Mr. Hanley : It is not fair to say that the Inland Revenue does not pay interest on overdue tax because it does. As a professional chartered accountant, my experience is that it has always been most fair. I have no brief to defend the Inland Revenue on this matter. I am merely trying to explain my experience.

Ms. Richardson : The hon. Gentleman is a chartered accountant. The majority of my constituents do not have chartered accountants to do their accounts. [Interruption.] Hold on a moment. They simply know that they are owed money. At some stage, they are told by the Revenue that a mistake has been discovered and that they are owed some money. Perhaps I should have come to the hon. Member for Richmond and Barnes (Mr. Hanley) professionally. I have had several cases over the years in which I have written to the Revenue and have said that a woman or man has been owed money for two or three years. I have asked why the interest cannot be paid, but I have never won a case yet.

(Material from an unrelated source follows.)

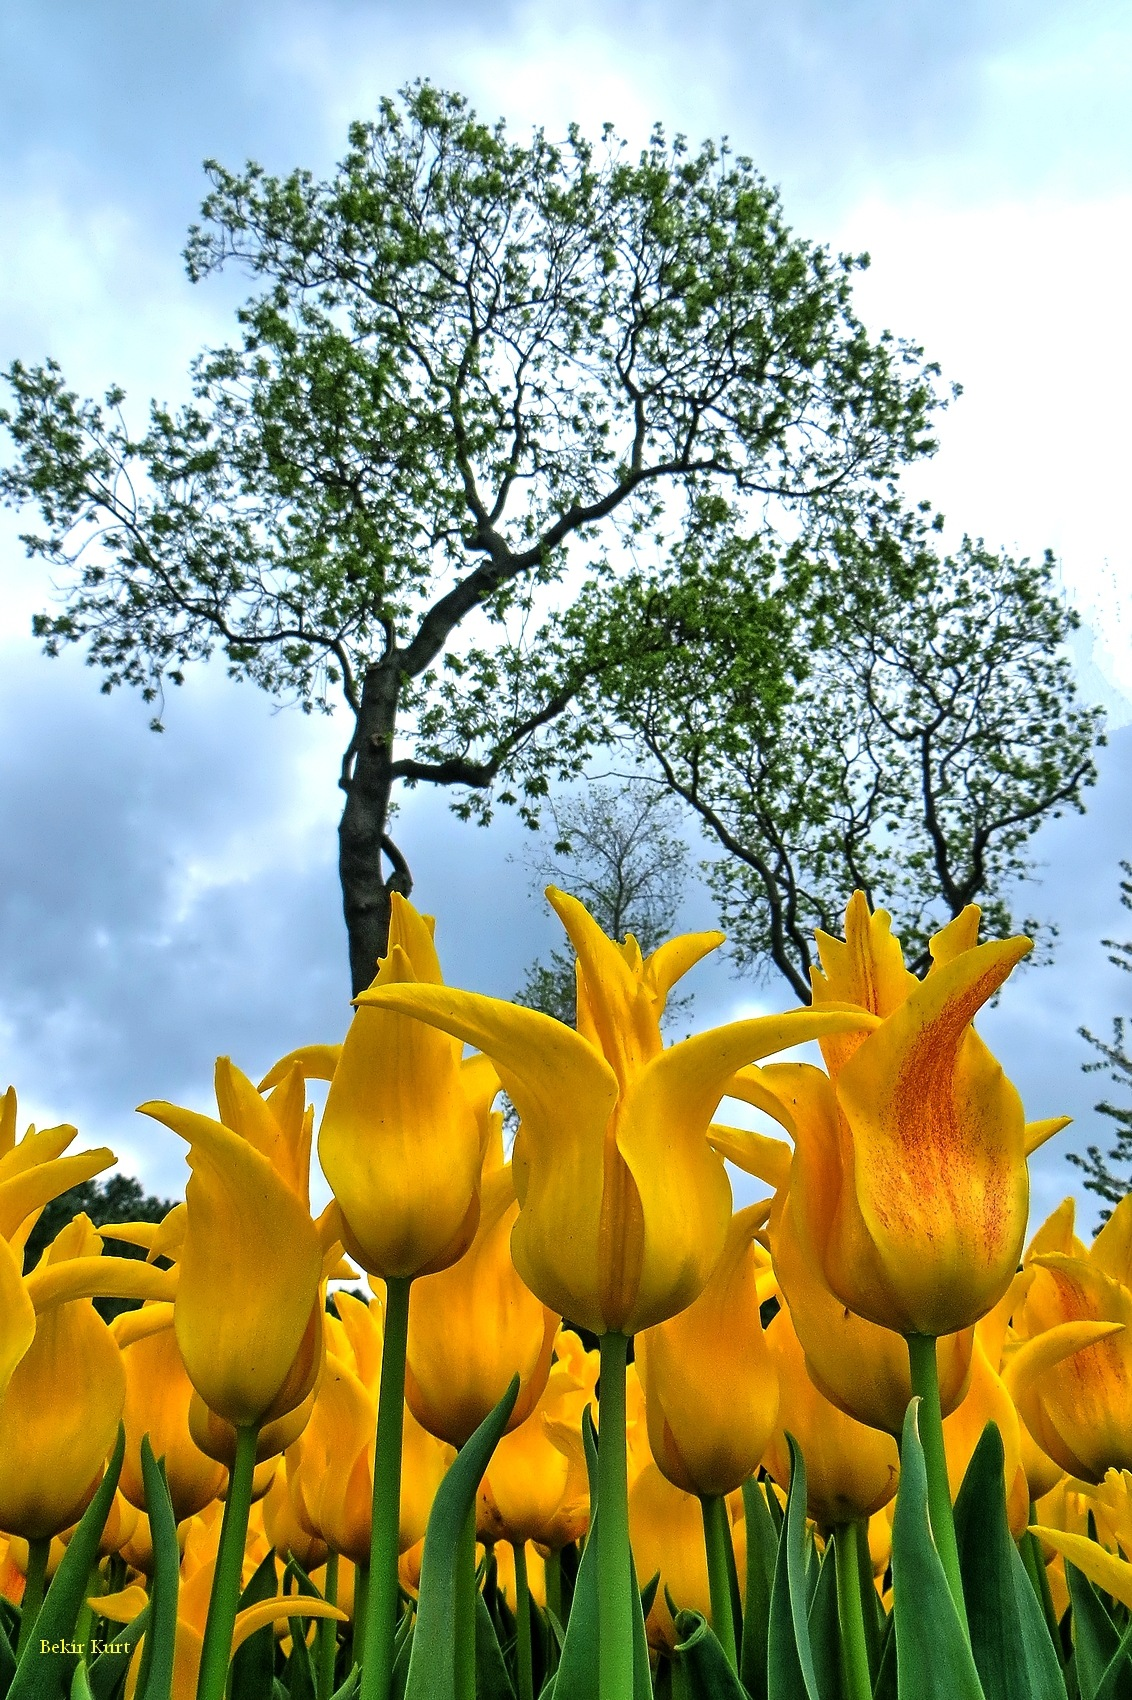 Tulips From Emirgan (2) by Bekir Kurt

Mr. Rogers : Will my hon. Friend press the hon. Member for Richmond and Barnes (Mr. Hanley) on this issue? I have never heard of an instance in which the Inland Revenue has paid interest on moneys that have been paid by a taxpayer and which it is to refund. I hope that my hon. Friend will press the hon. Gentleman to give one instance in which the Inland Revenue has done so.

Ms. Richardson : I should be glad if the hon. Member for Richmond and Barnes would do that.

Mr. Hanley : Not only is interest payable in the circumstances that have been described ; it is even tax free.